Dès les premières semaines de la pandémie, le président Vladimir Poutine ordonne à l’appareil scientifique, politique et militaire de se mettre en ordre de bataille pour que la Russie dispose la première d’un vaccin. Quitte à prendre des raccourcis. Au printemps 2020, le chef de l’institut de recherche Gamaleïa, Alexandre Guintsbourg, se vante d’avoir conçu le produit. Il s’est personnellement administré une version expérimentale de ce qui deviendra le Spoutnik V. Puis, le 11 août, M. Poutine annonce l’homologation du tout premier vaccin contre le Covid-19 au monde, une proclamation accueillie avec scepticisme à l’étranger, ce produit n’ayant été testé que sur quelques dizaines de militaires. En réalité, avant même les essais de la Phase 3 sur des dizaines de milliers de volontaires, l’élite russe bénéficiait du vaccin, à l’instar d’une des filles du président russe. La vaccination de la population russe a quant à elle commencé en décembre 2020, au moment même où l’Europe et les États-Unis commençaient à recourir aux premiers vaccins créés par leurs firmes pharmaceutiques.
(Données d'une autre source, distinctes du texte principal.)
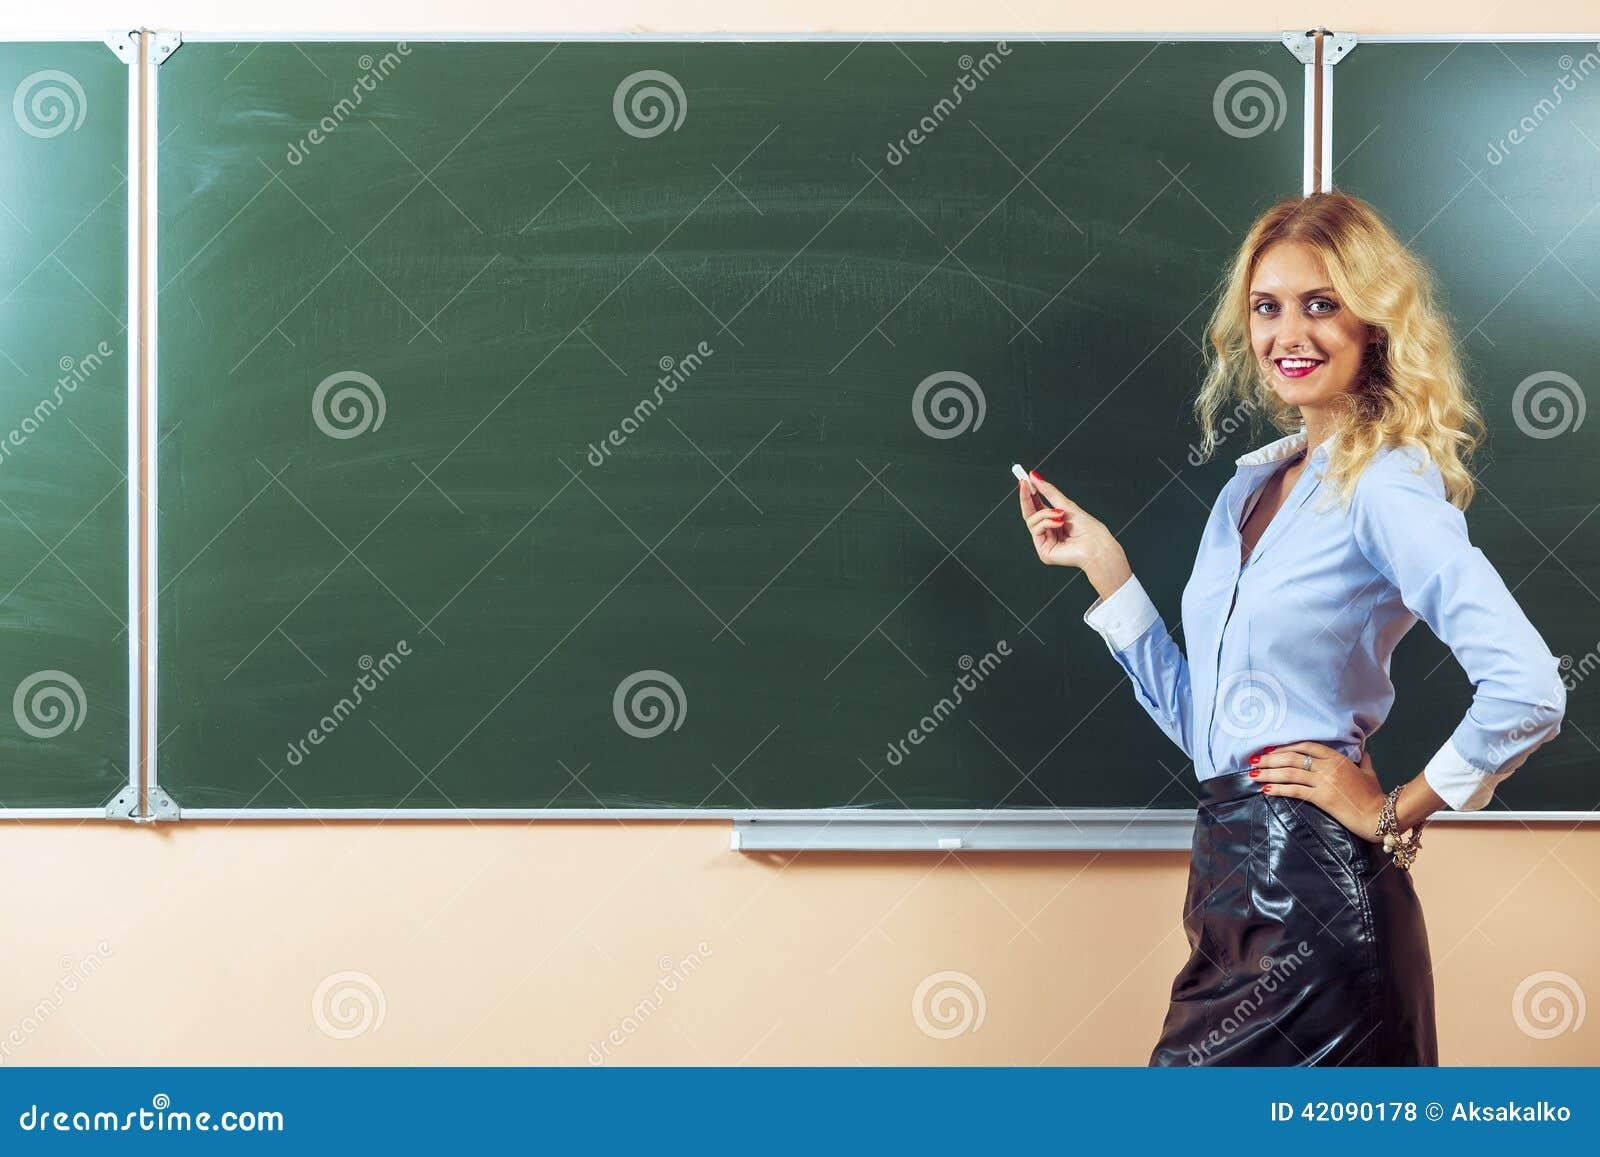 Секс молодой русской учительницы с учеником смотреть бесплатно, Зрелая русская учительница занимается сексом 25 фотография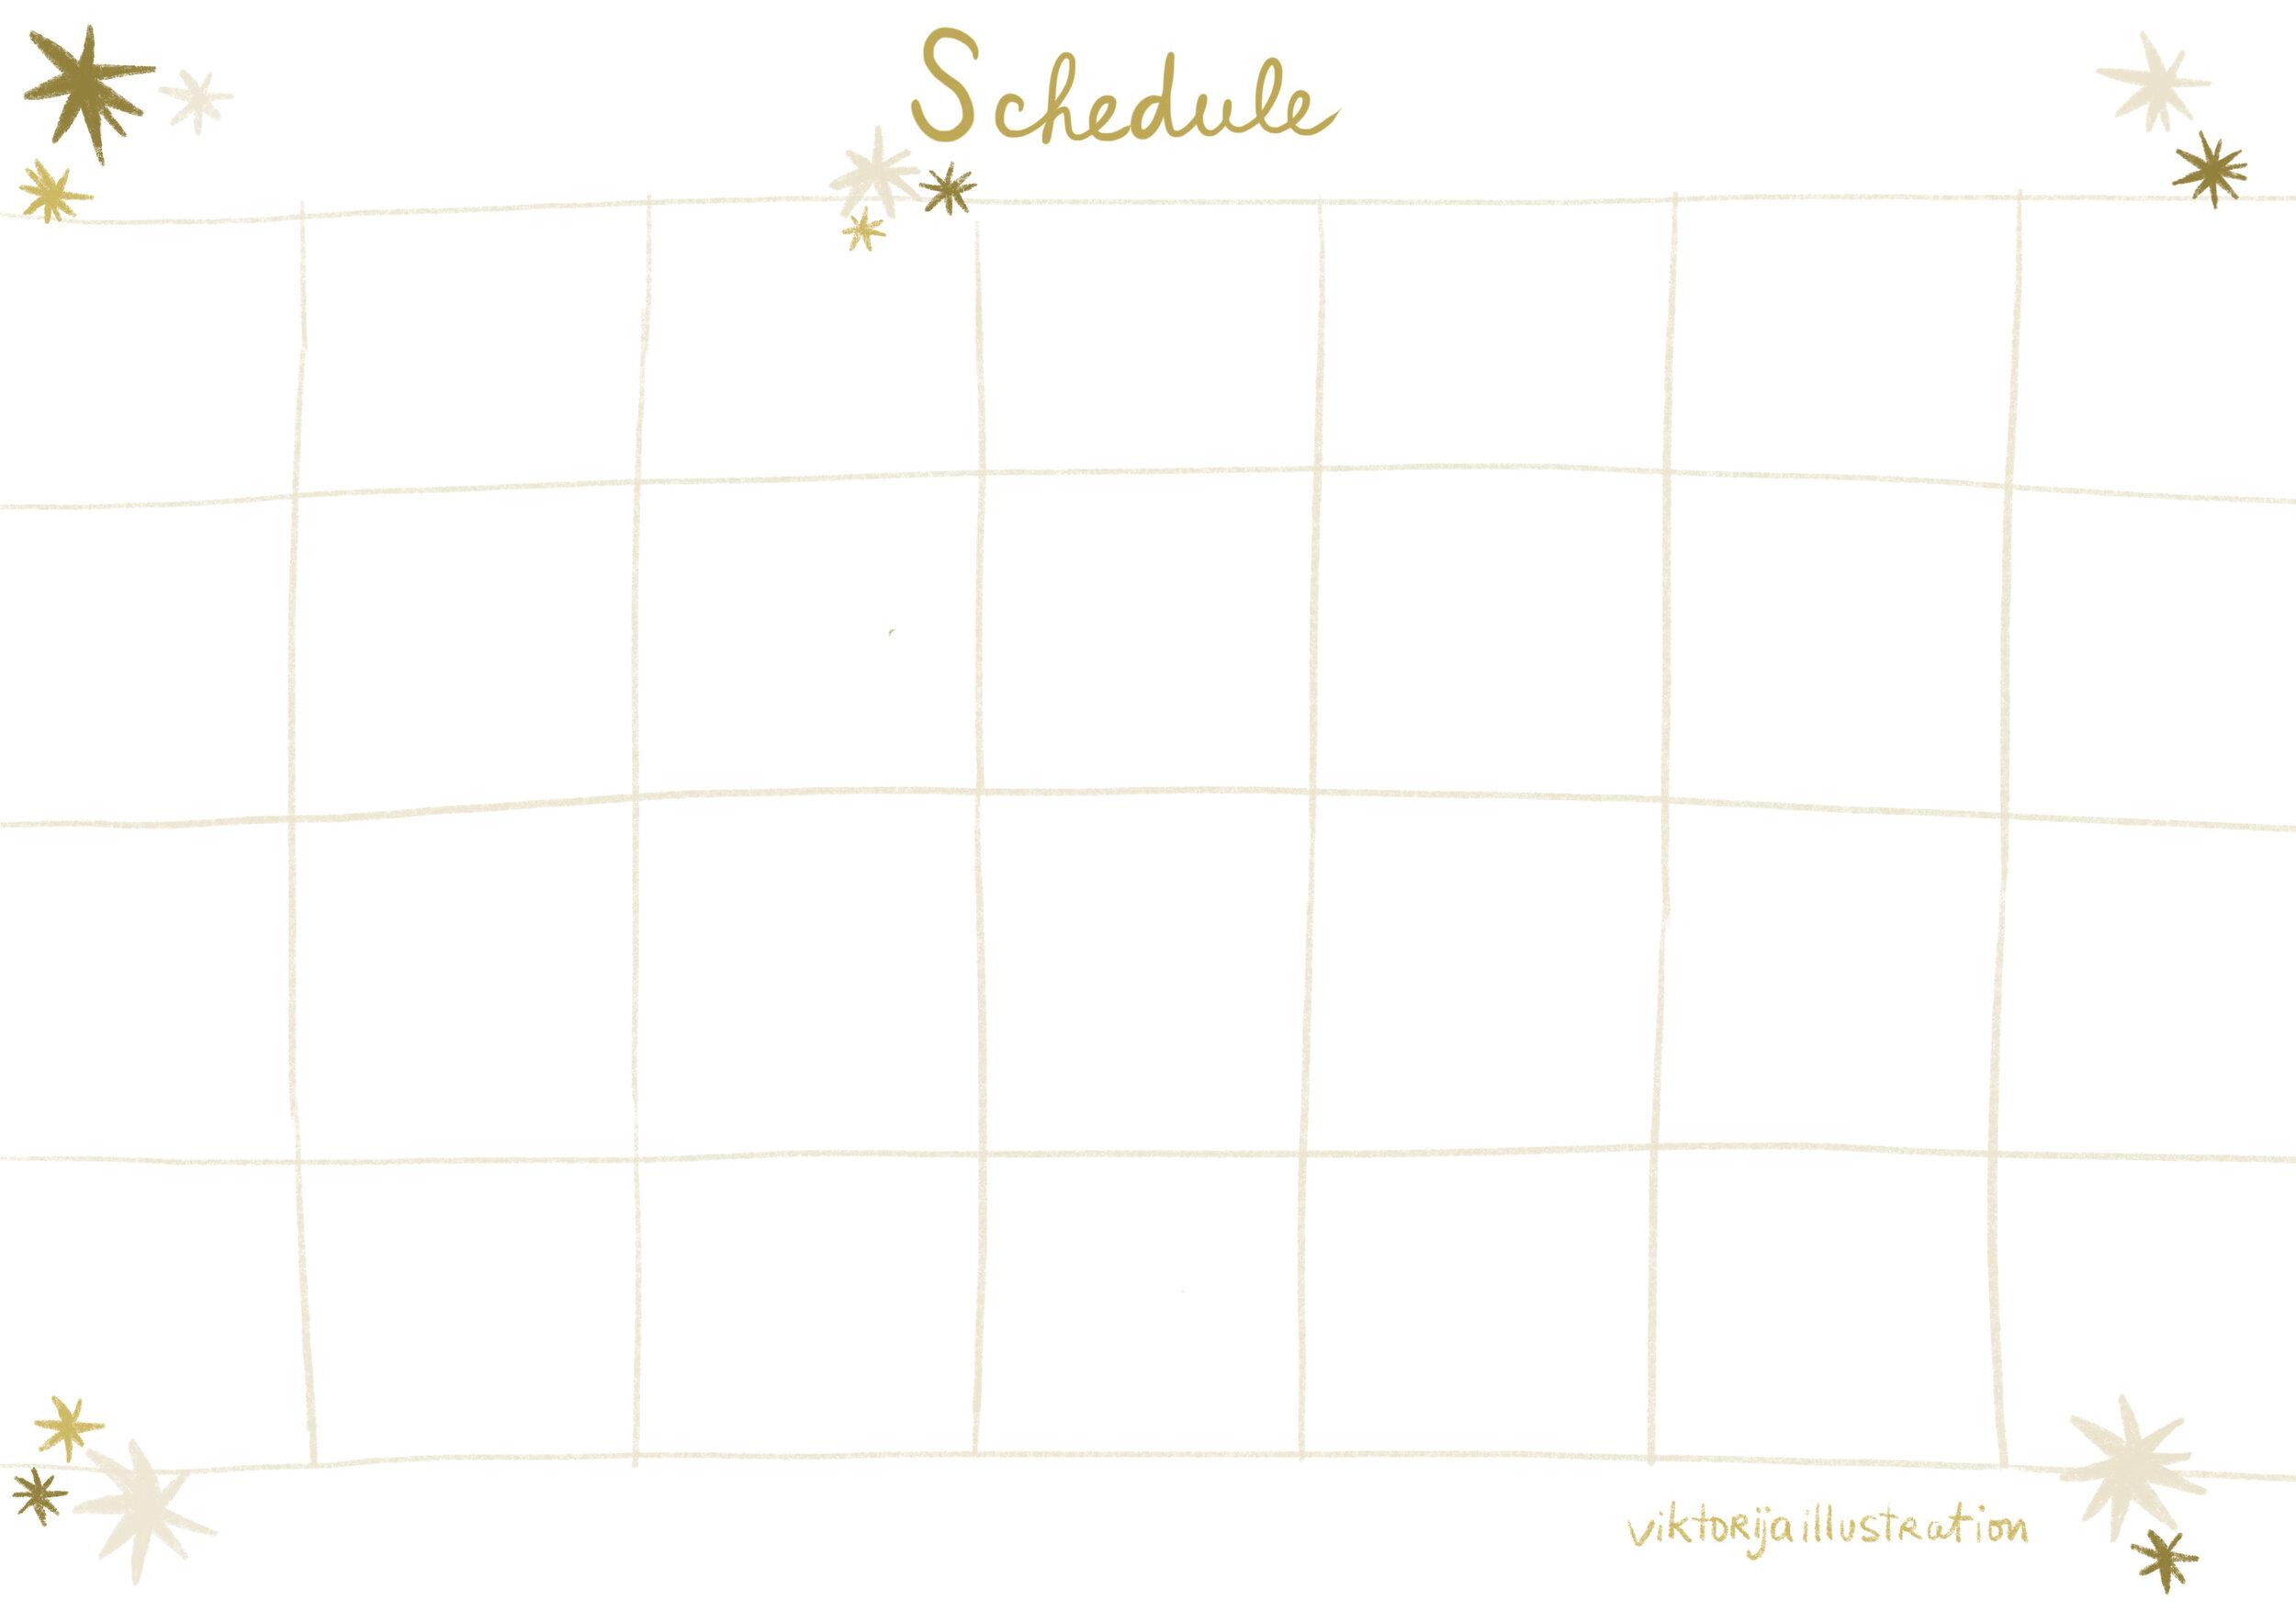 schedule printable A4 by viktorija.jpg

Spoutnik, le vaccin russe, marque le retour de la recherche russe dans l'élite scientifique mondiale

Depuis l’annonce des résultats scientifiques, la Russie savoure sans s’en cacher la reconnaissance à l’étranger de l’efficacité de son vaccin contre le coronavirus. « C’est une publication très importante qui est très convaincante au sujet de la fiabilité et de l’efficacité du vaccin russe », a claironné le porte-parole du Kremlin, Dmitri Peskov.

Selon le journal Kommersant, en plus de renforcer l’immunité, le vaccin Spoutnik V « stimule l’augmentation de l’autorité » de la Russie. La veille, Kirill Dmitriev, patron du fonds souverain russe et une des voix principales du vaccin, n’a pas mâché ses mots pour dénoncer « la campagne pour discréditer le vaccin » pendant des mois, affirmant que « la Russie avait raison depuis le début » et que cette publication faisait « échec et mat » à toutes les critiques. Ce succès marque aussi le retour dans l’élite scientifique mondiale de la recherche russe, un secteur décimé par les crises et la corruption depuis la chute de l’Union soviétique.

La grande méfiance à l’automne de la communauté scientifique internationale faute de résultats publiés a d’ailleurs fort chagriné les scientifiques russes. Ainsi Vladimir Gushin, un des scientifiques à l’origine du vaccin et travaillants au centre Gamaleja de Moscou, vieux de 130 ans, s’est dit très touché par les soupçons étrangers. « C’est triste à voir. Comme si nous étions tous une bande de scientifiques russes fous qui ont versé quelque chose dans des flacons et ont ensuite dit : « Et maintenant, injecte-le-toi ! »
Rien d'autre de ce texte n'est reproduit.